Another impressive, diplomatic encounter occurred when Genseric the Vandal was persuaded by Leo to spare the lives of the Romans by not burning the city. Genseric agreed and he and his men only looted the city.

It is said of Leo that during his time, "he was the only truly great historical figure in either the Church or the civil order...Pope St. Leo the Great was the one man who, by the clarity and vision of the Church as one and universal, and by the force of his own administration, did much to fashion the framework on which European civilization could grow in an essential unity."

Leo the Saint

As Pope, Leo was as fierce as a lion in proclaiming orthodox doctrines and uniformity in disciplines according to canon law. As pastor, he was as gentle as a lamb when dealing with his sheep. In a letter to Anastasius, the Bishop of Thessalonica, he writes, "Although men of priestly rank sometimes do things that are to be reprimanded, yet kindness may have more effect on those who are to be corrected than severity: exhortation than perturbation, love than power."

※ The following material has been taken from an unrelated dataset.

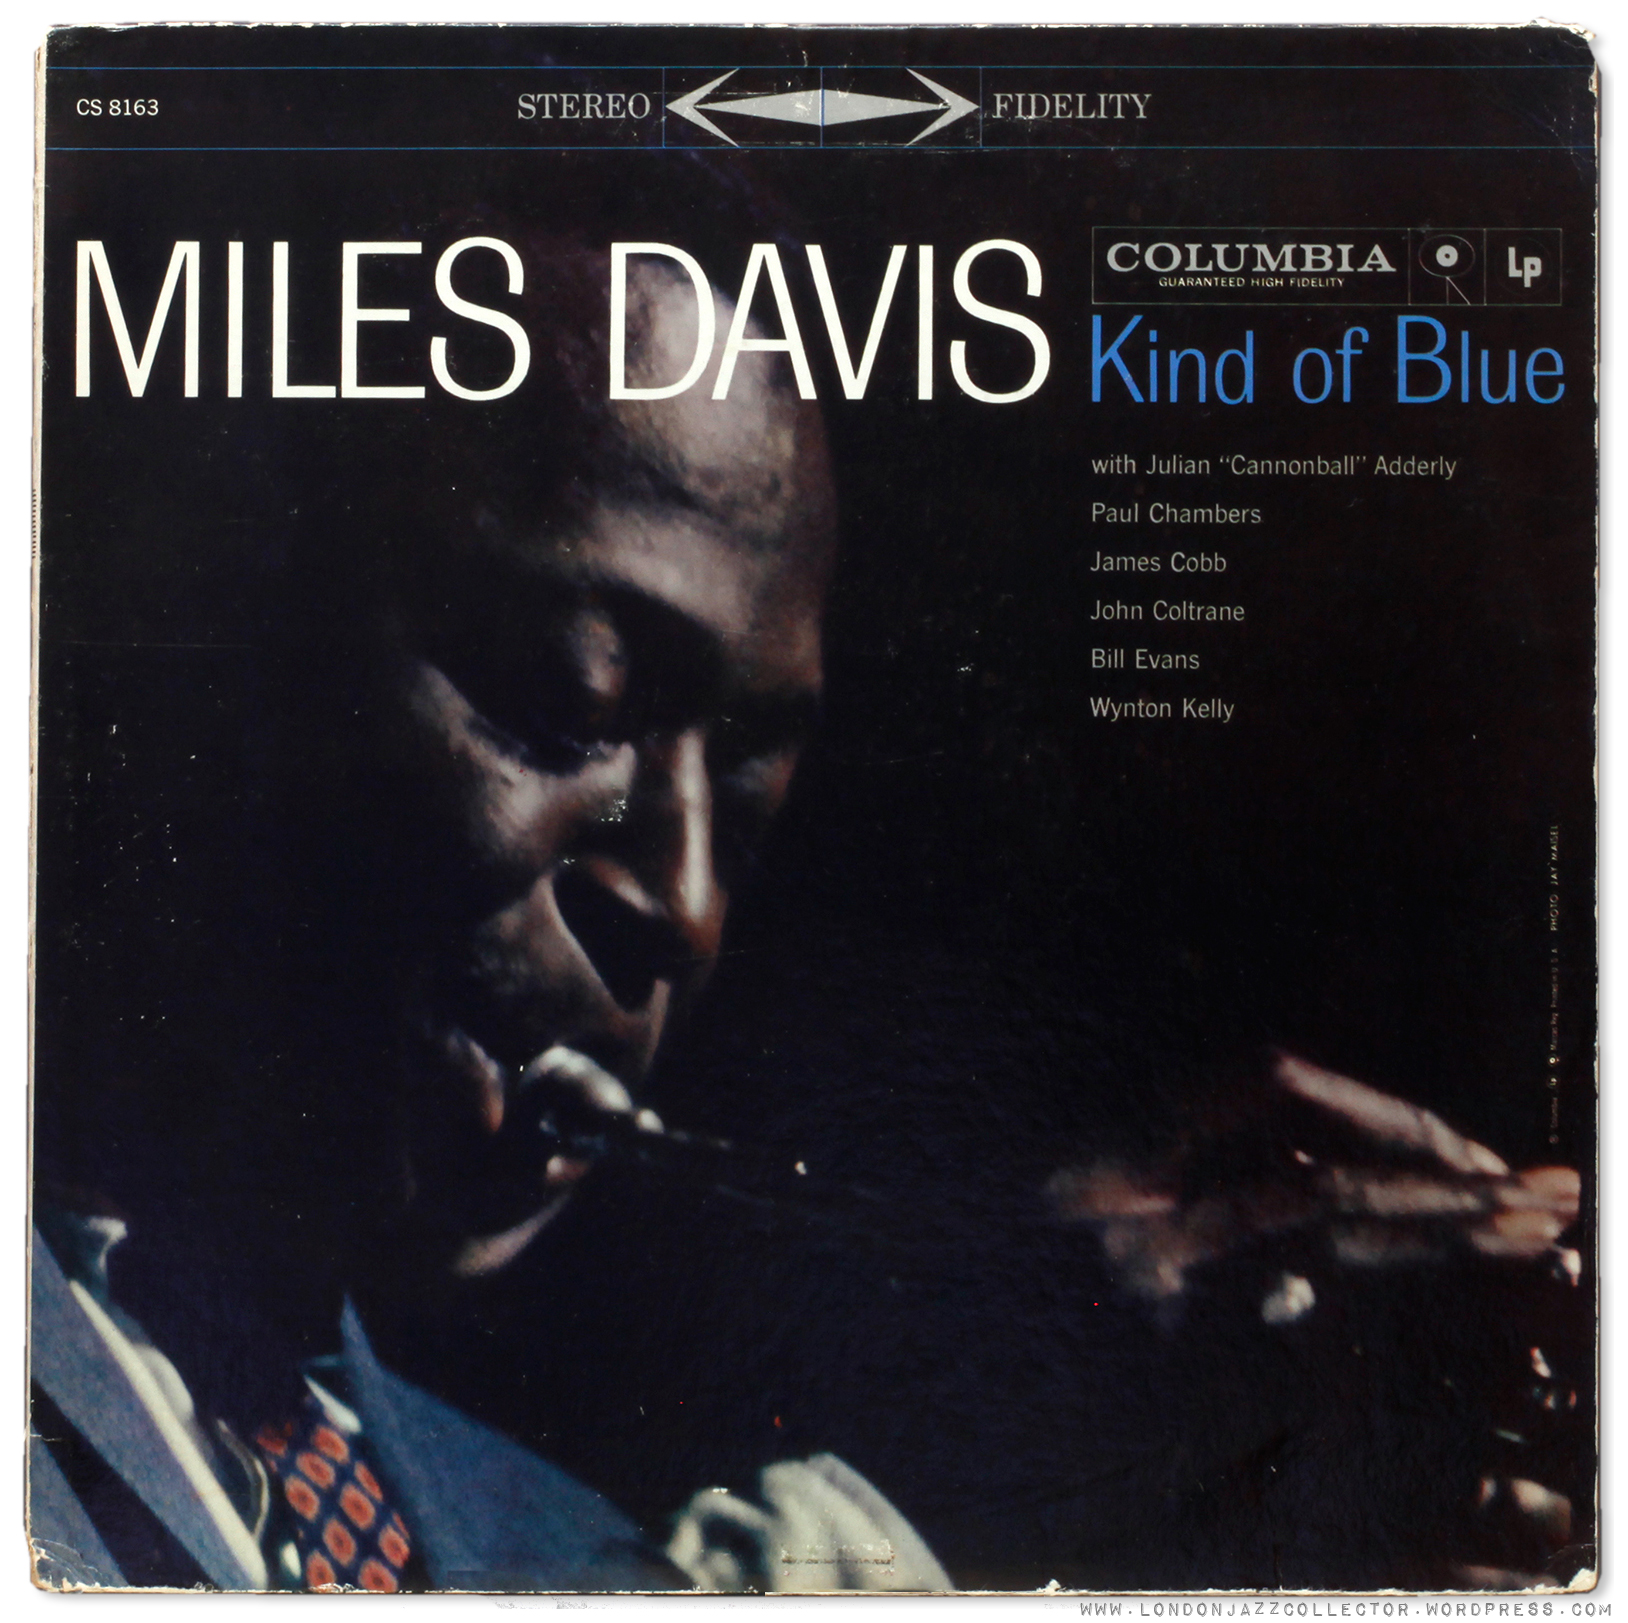 Different kind песня перевод. Kind of Blue Майлз Дэвис обложка. Miles Davis - kind of Blue (1959). Miles Davis kind of Blue обложка. Miles Davis kind of Blue Cover.
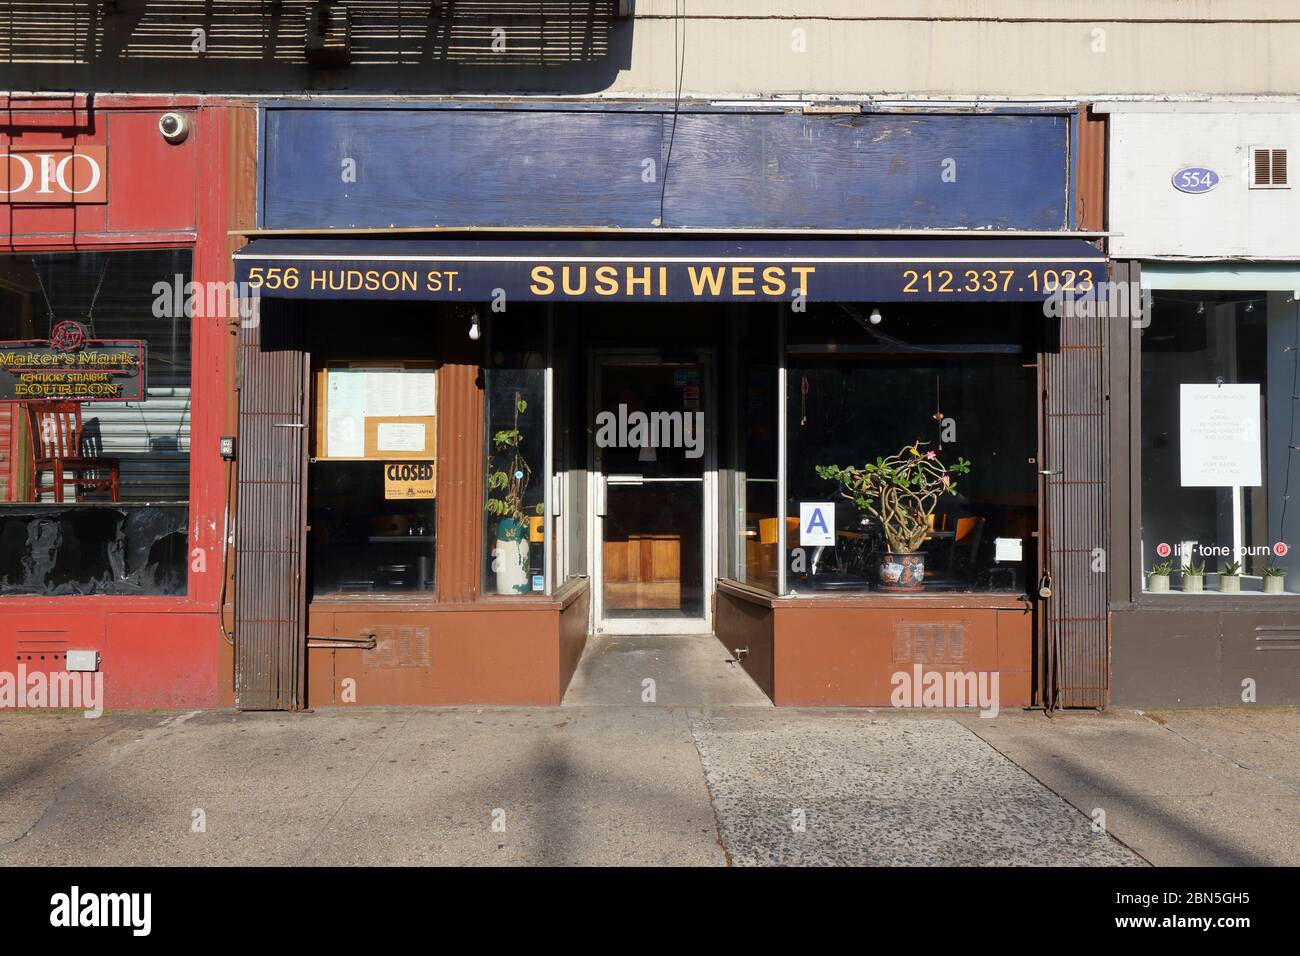 [historical storefront] Sushi West, 556 Hudson Street, New York, NYC storefront photo of a Japanese sushi restaurant in Manhattan's West Village. Stock Photo

Like all holy and saintly men, Leo was also humble. On one of his pontifical anniversaries he expressed, "St. Peter rejoices over your good feeling and welcomes your respect for the Lord's own institution as shown towards the partners of His honor, commending the well-ordered love of the whole Church which ever finds Peter in Peter's See, and from affection for so great a shepherd grows not lukewarm over even so inferior a successor as myself."